Jacob-Jan Esmeijer

Personal information
- Full name: Jacob-Jan Esmeijer
- Born: May 27, 1972 (age 54)
- Batting: Right-handed
- Bowling: Slow left-arm orthodox

International information
- National side: Netherlands (2002-2003);
- ODI debut (cap 15): 16 September 2002 v Sri Lanka
- Last ODI: 3 March 2003 v Namibia

Career statistics
| Competition | ODI | FC | LA |
| Matches | 6 | 2 | 21 |
| Runs scored | 10 | 37 | 164 |
| Batting average | 2.50 | 12.33 | 12.61 |
| 100s/50s | 0/0 | 0/0 | 0/0 |
| Top score | 7 | 23 | 39 |
| Balls bowled | 228 | 162 | 822 |
| Wickets | 0 | 1 | 14 |
| Bowling average | - | 107.00 | 48.78 |
| 5 wickets in innings | 0 | 0 | 0 |
| 10 wickets in match | 0 | 0 | 0 |
| Best bowling | 0/16 | 1/51 | 3/36 |
| Catches/stumpings | 3/0 | 1/0 | 7/0 |
- Source: Cricinfo, 16 May 2017

= Jacob-Jan Esmeijer =

Dutch cricketer (born 1972)

Jacob-Jan Esmeijer also simply known as JJ Esmeijer (born May 28, 1972, in Rotterdam, South Holland) is a Dutch former cricketer.

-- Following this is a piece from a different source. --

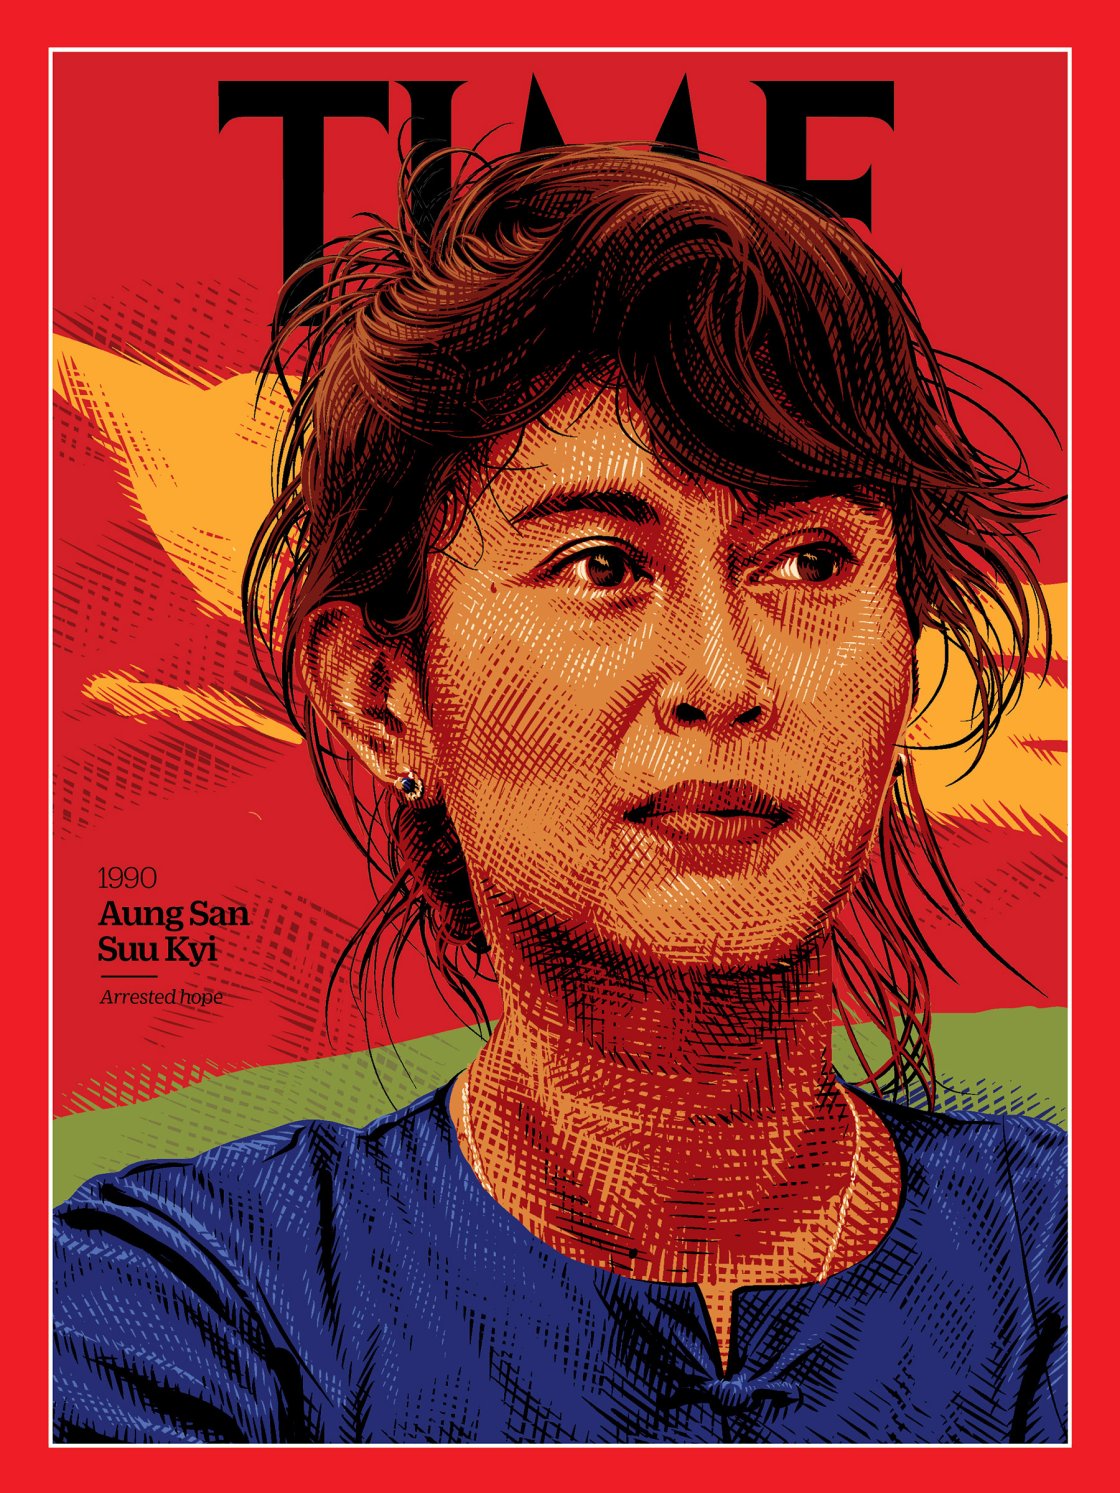 Aung San Suu Kyi: premio Nobel per la pace, politica birmana attiva sul fronte dei diritti umani Illustration by Tracie Ching for TIME; Sandro Tucci—The LIFE Images Collection/Getty)

He is a right-handed batsman and a slow left-arm bowler. Esmeijer has played for Somerset's second XI.

==International career==
He was the Netherlands' top spin-bowler at the 2003 Cricket World Cup. Although he bowled with good control and an excellent (for an Associate-level spinner) economy rate of 5 runs per over, he was unlucky not to capture a wicket in any of the 4 matches he played in that tournament.